> [EXERCISE OBJECTIVE] Retype the line in which "15ft Large Outdoor" appears, then every line after it until the records end. Leave out the pictures.

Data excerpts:
========================
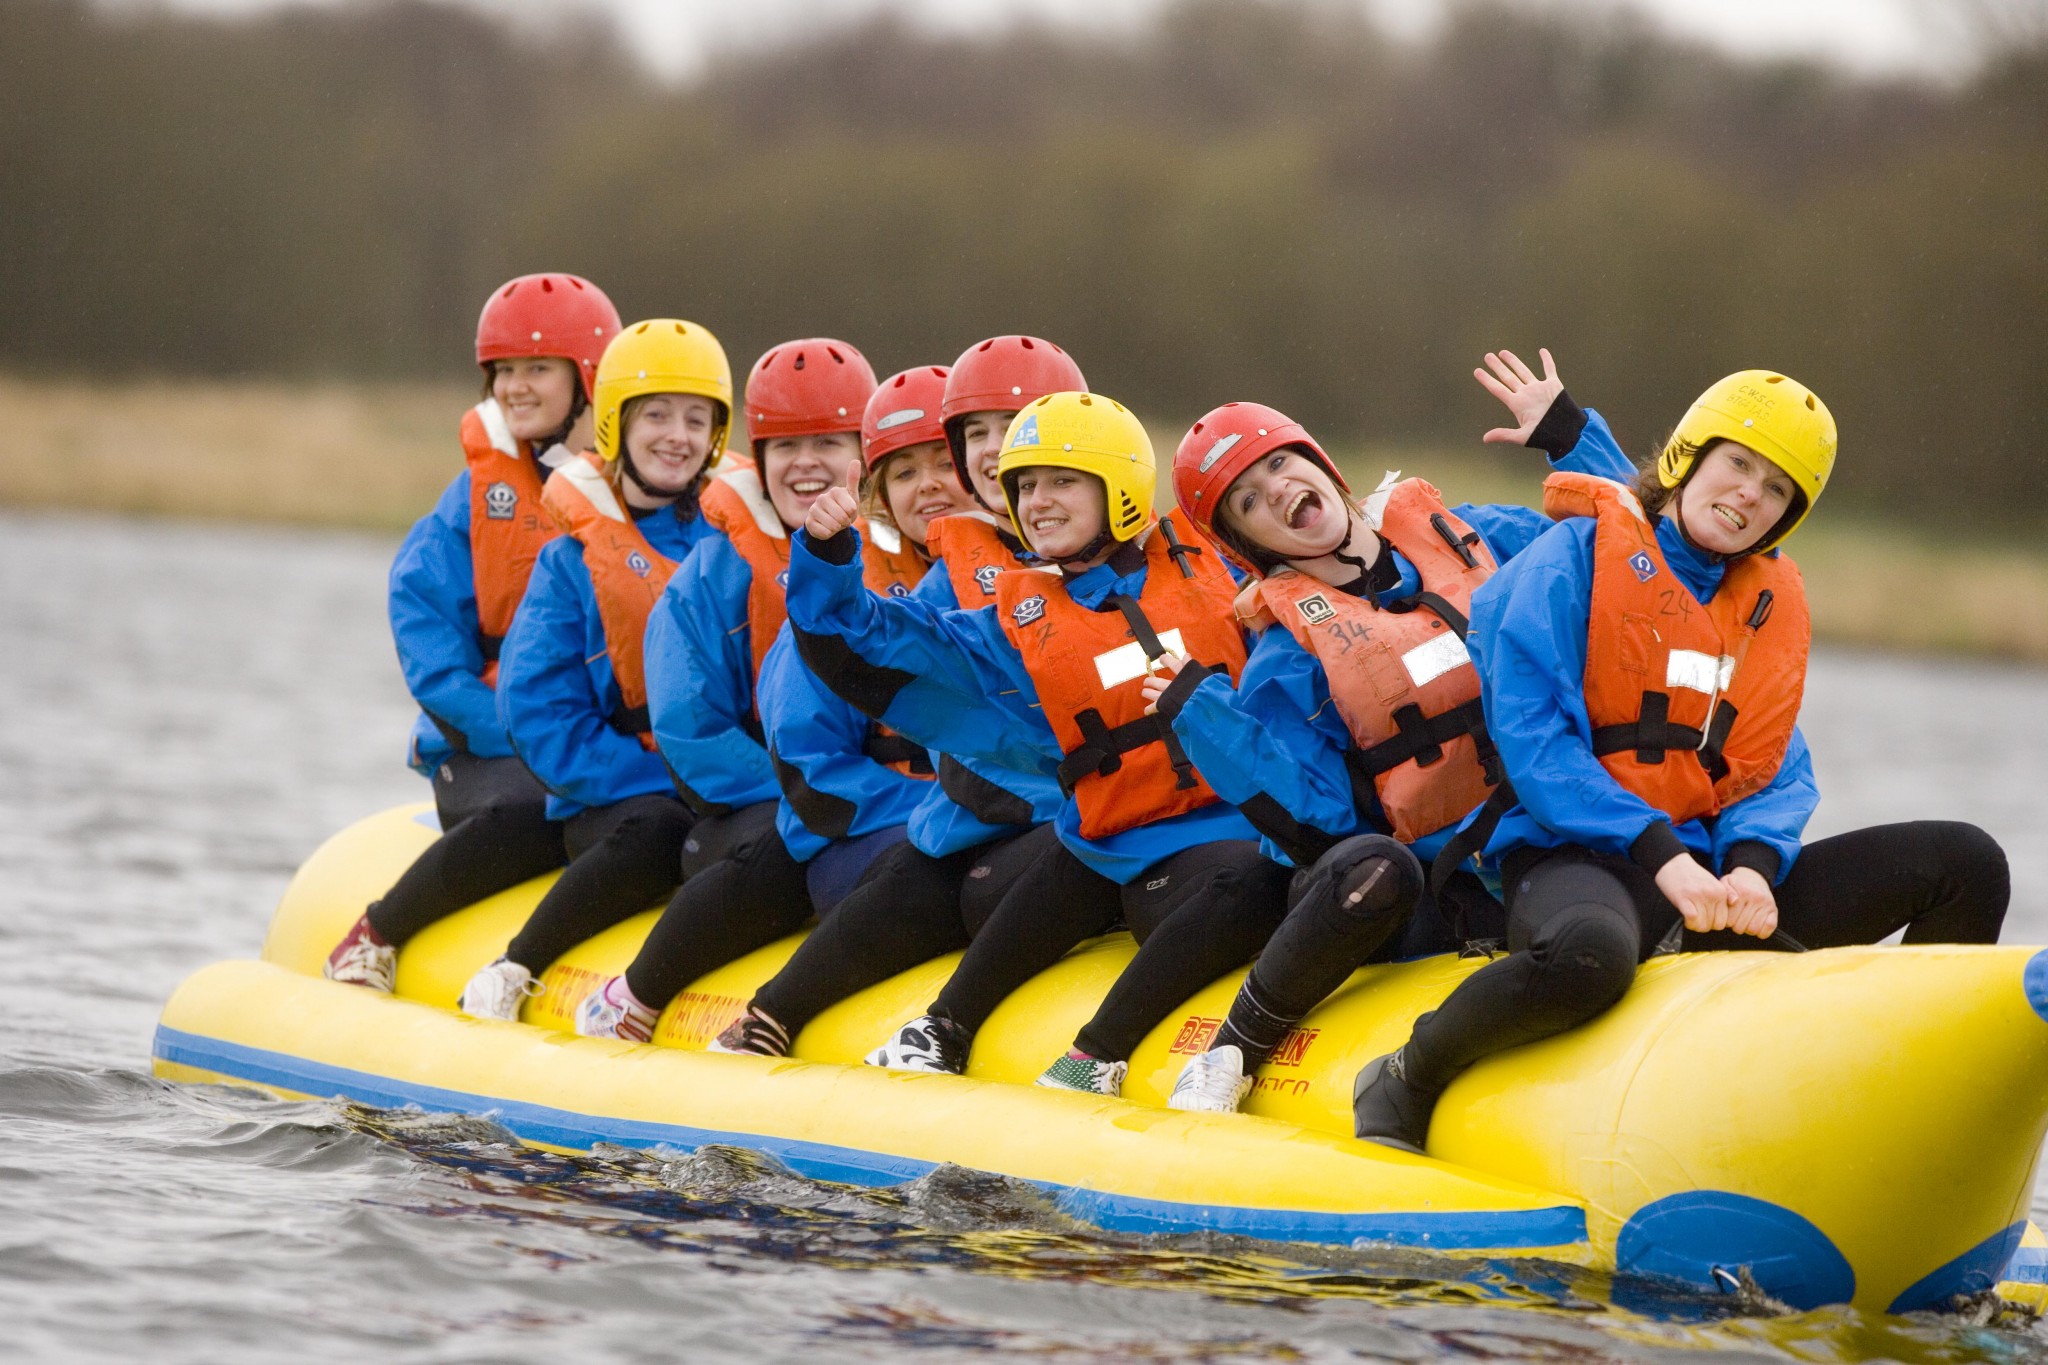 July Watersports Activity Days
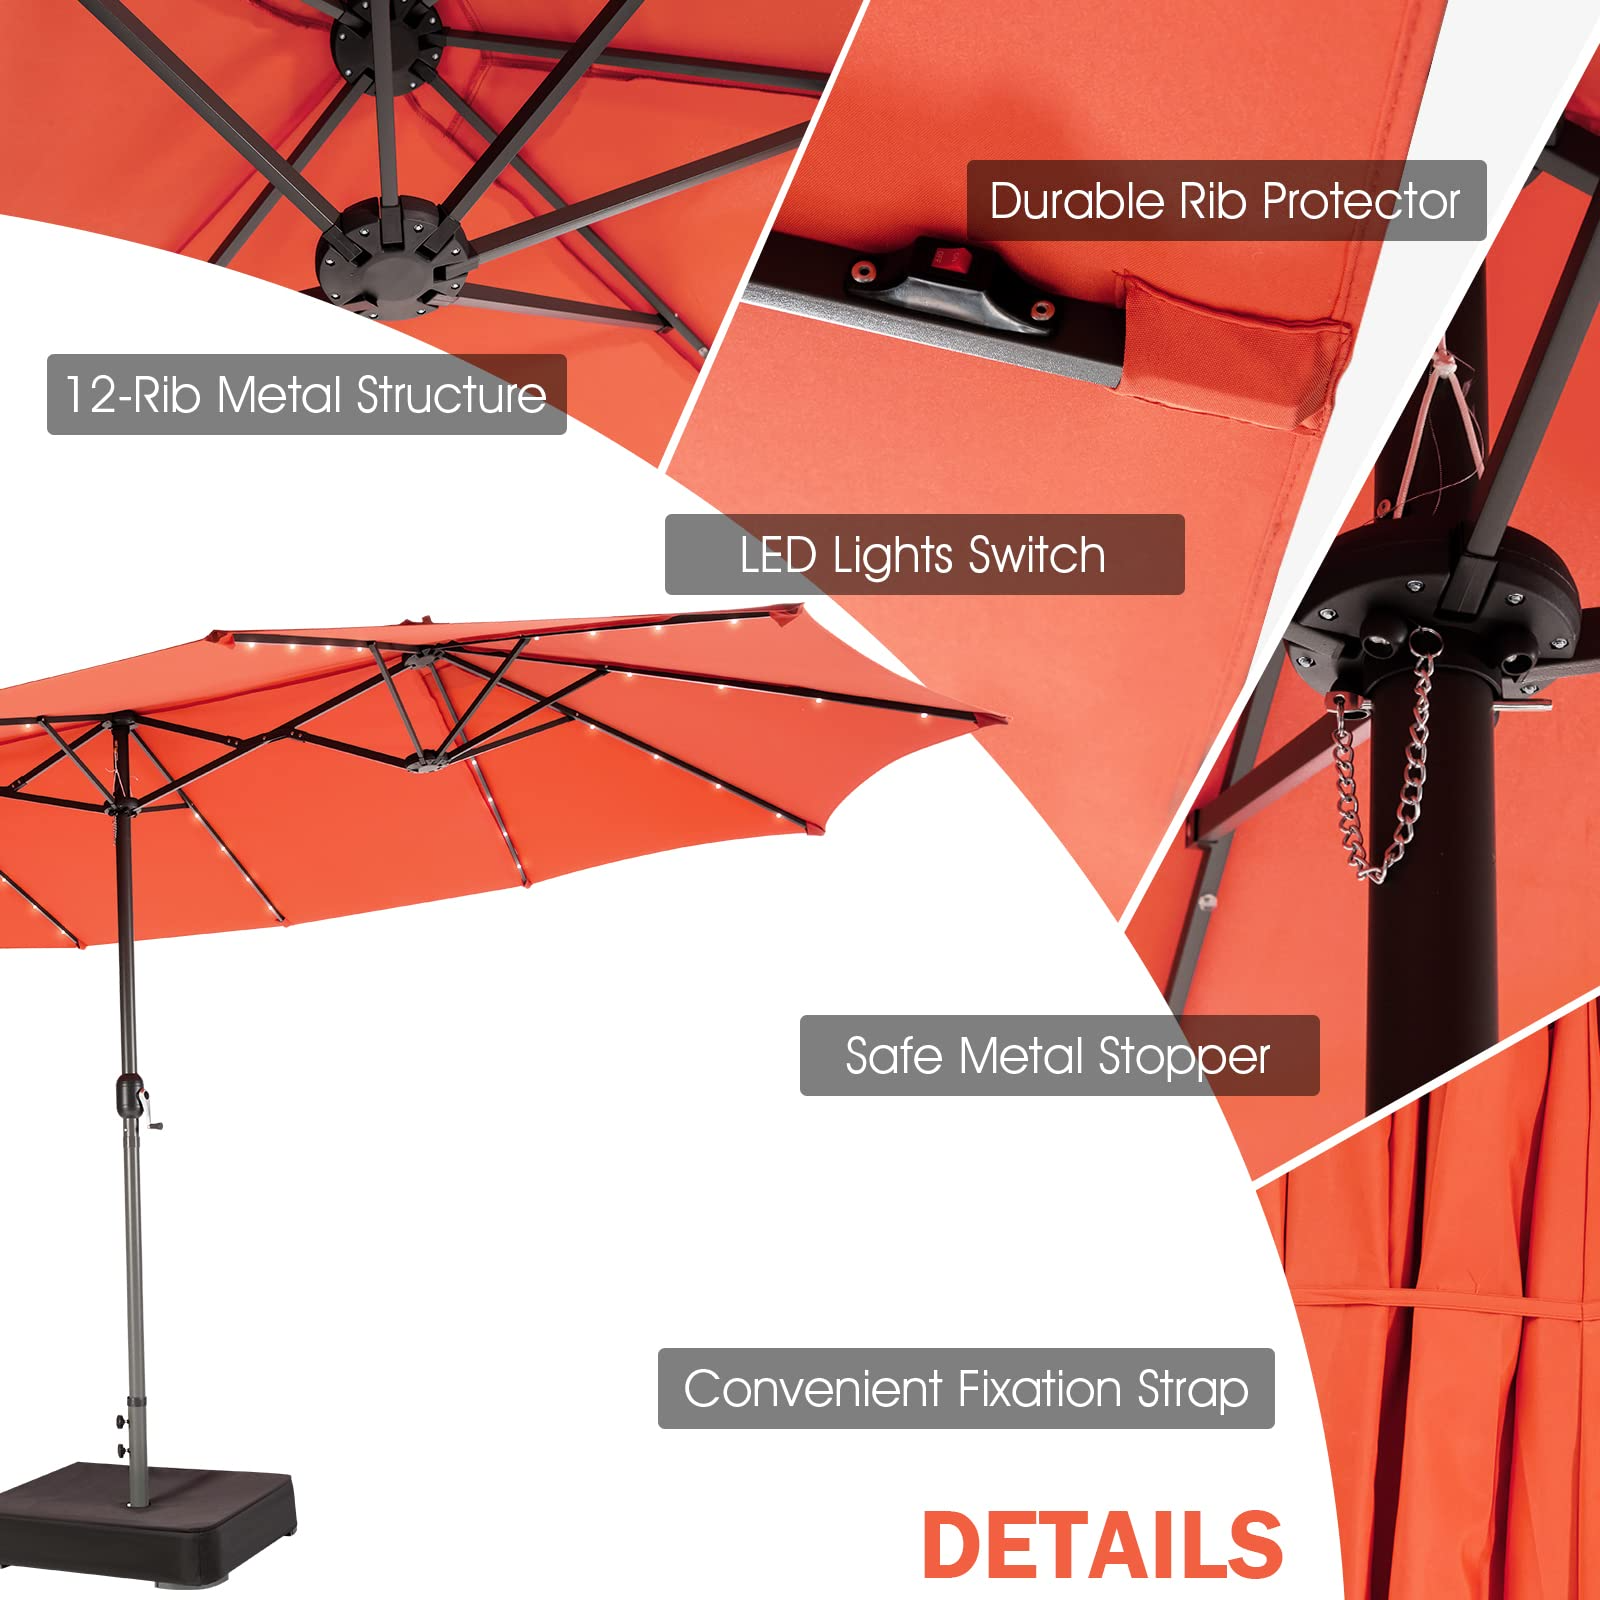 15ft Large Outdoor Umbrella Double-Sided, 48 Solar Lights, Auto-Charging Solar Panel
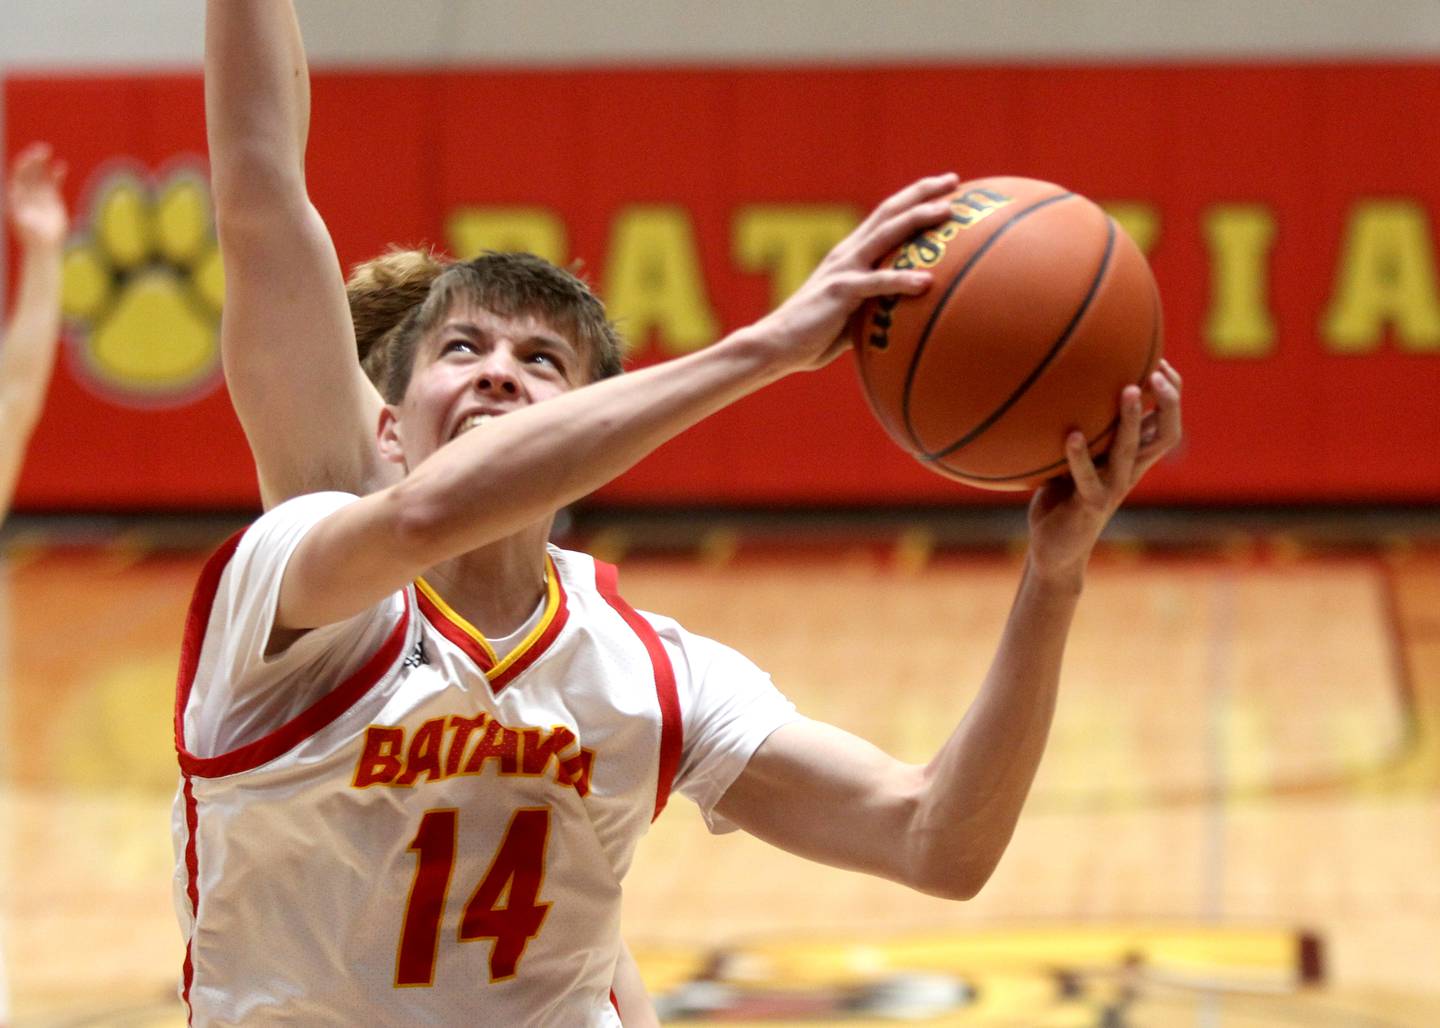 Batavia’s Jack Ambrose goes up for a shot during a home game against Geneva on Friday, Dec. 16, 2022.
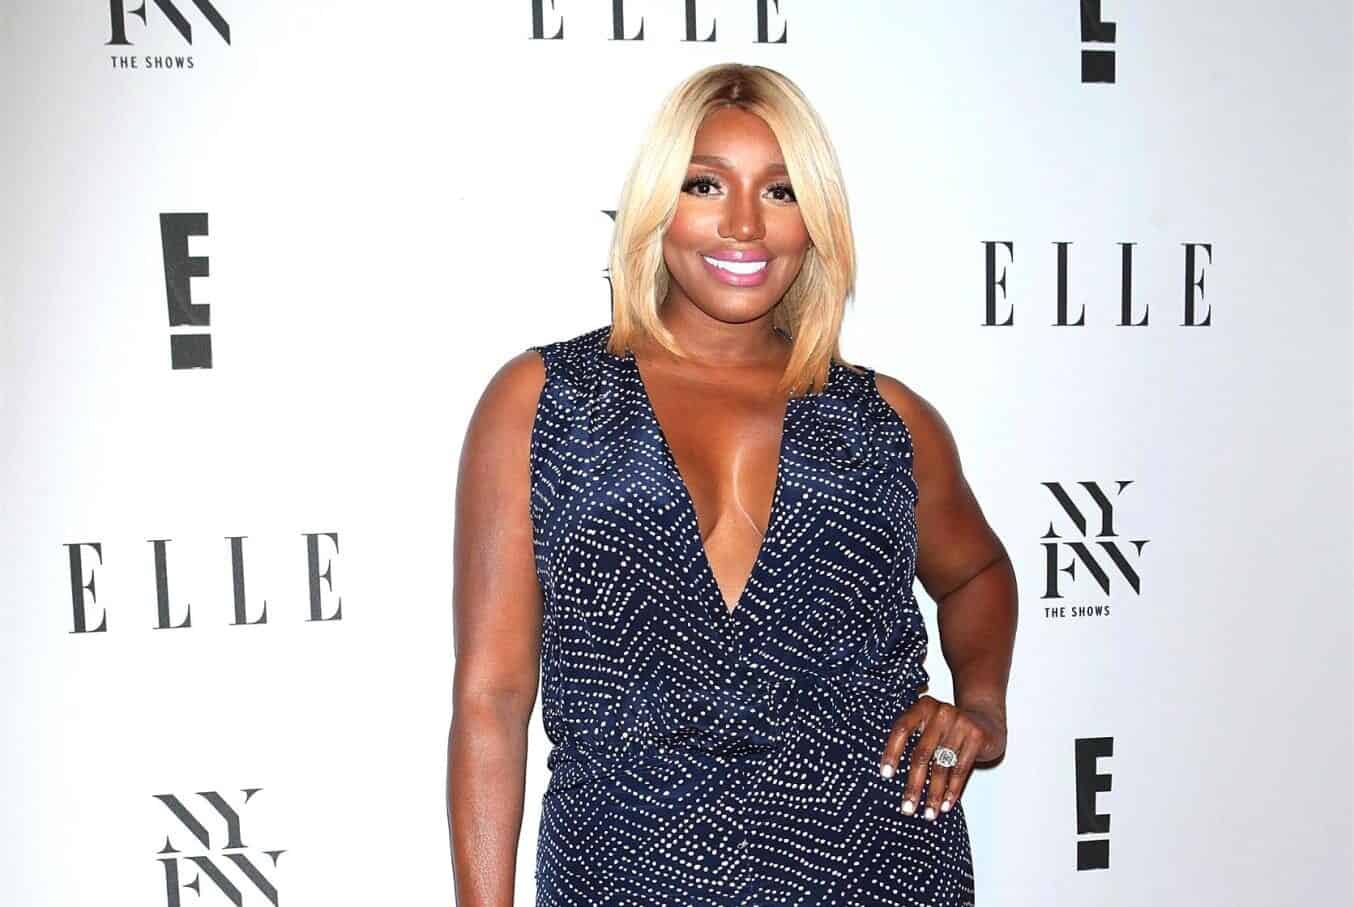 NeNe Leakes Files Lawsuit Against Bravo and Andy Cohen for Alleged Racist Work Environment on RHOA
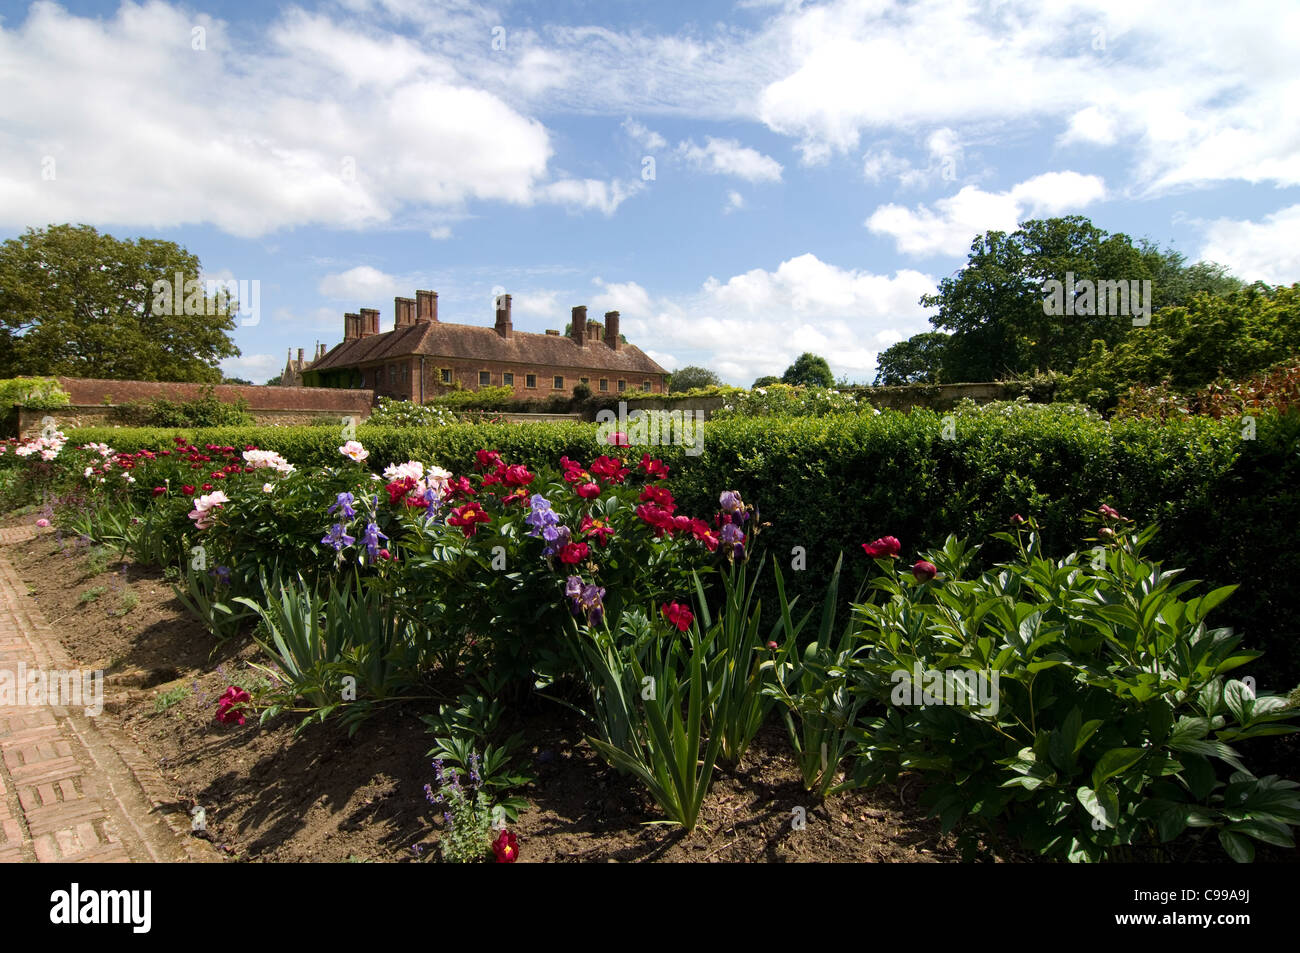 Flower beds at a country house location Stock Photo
========================
> [ANSWER TO THIS PROBLEM]
 15ft Large Outdoor Umbrella Double-Sided, 48 Solar Lights, Auto-Charging Solar Panel
 Batavia’s Jack Ambrose goes up for a shot during a home game against Geneva on Friday, Dec. 16, 2022.
 NeNe Leakes Files Lawsuit Against Bravo and Andy Cohen for Alleged Racist Work Environment on RHOA
 Flower beds at a country house location Stock Photo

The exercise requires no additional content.